Though polls as of early October show Haley in second place in a few early primary states, the actual likelihood that she will ascend to the presidency is, for the moment, quite slim given Trump’s stranglehold over the Republican Party (though that could change if he dies or is convicted of one of the many crimes he has been accused of). But even if Haley does not become the Republican nominee, she has accomplished something that may be more significant in the long run. By exploiting the media’s weakness for any and all Trump critics, she has found a way to further redefine the word “moderate” and make hard-right politics seem mainstream.


  1. We at Current Affairs would also dispute the application of the word “populist” to those in the Trump orbit.
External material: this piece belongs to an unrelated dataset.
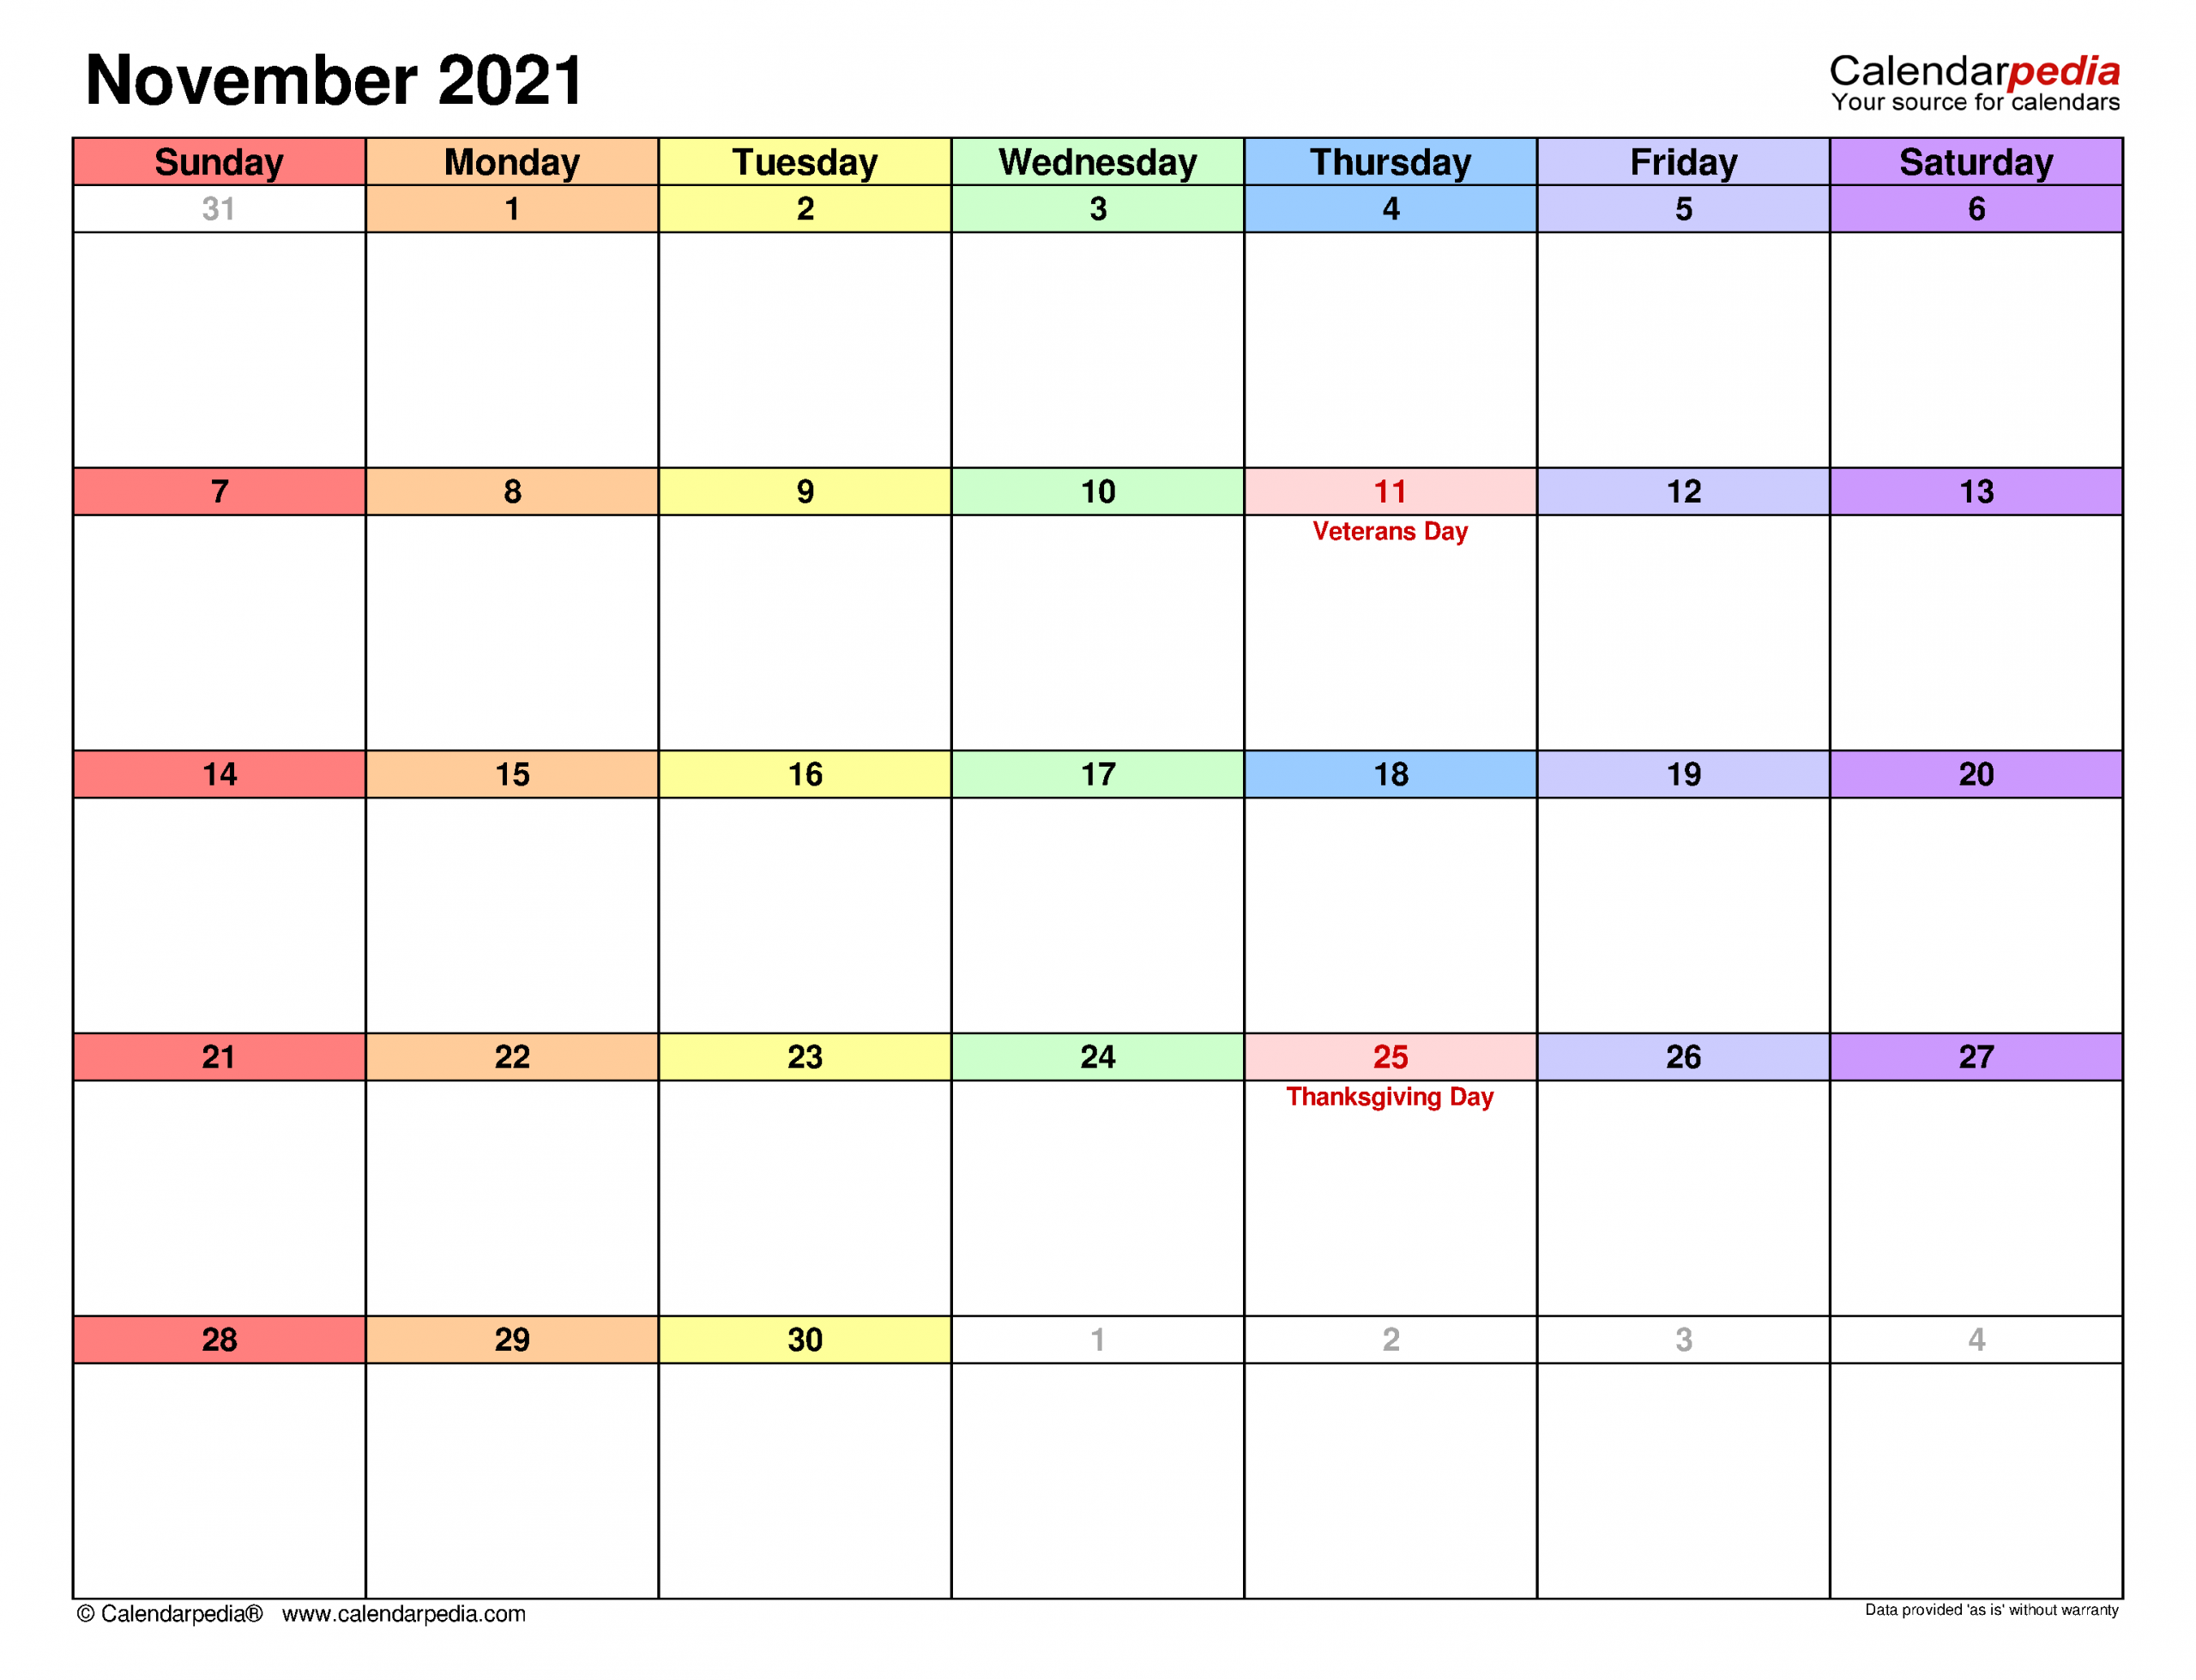 November 2021 Calendar | Templates For Word, Excel And Pdf Calendar Of November 2021

As Matt McManus argues, “Conservative ‘populism’ has never been about egalitarianism, but about mobilizing support for traditional hierarchies and giving those considered ‘worthy’ a taste of status and power.” 

  2. This is, again, in contrast with Trump, who at least attempts to appear pro-union—well, sometimes. For instance, just last month, he visited the United Auto Workers in Detroit. Obviously, we should take this with a grain of salt given how anti-labor his National Labor Relations Board and Supreme Court appointees have been. Trump has also recently attempted to “court blue-collar workers” at a visit to a nonunion factory in the midst of an ongoing auto workers’ strike.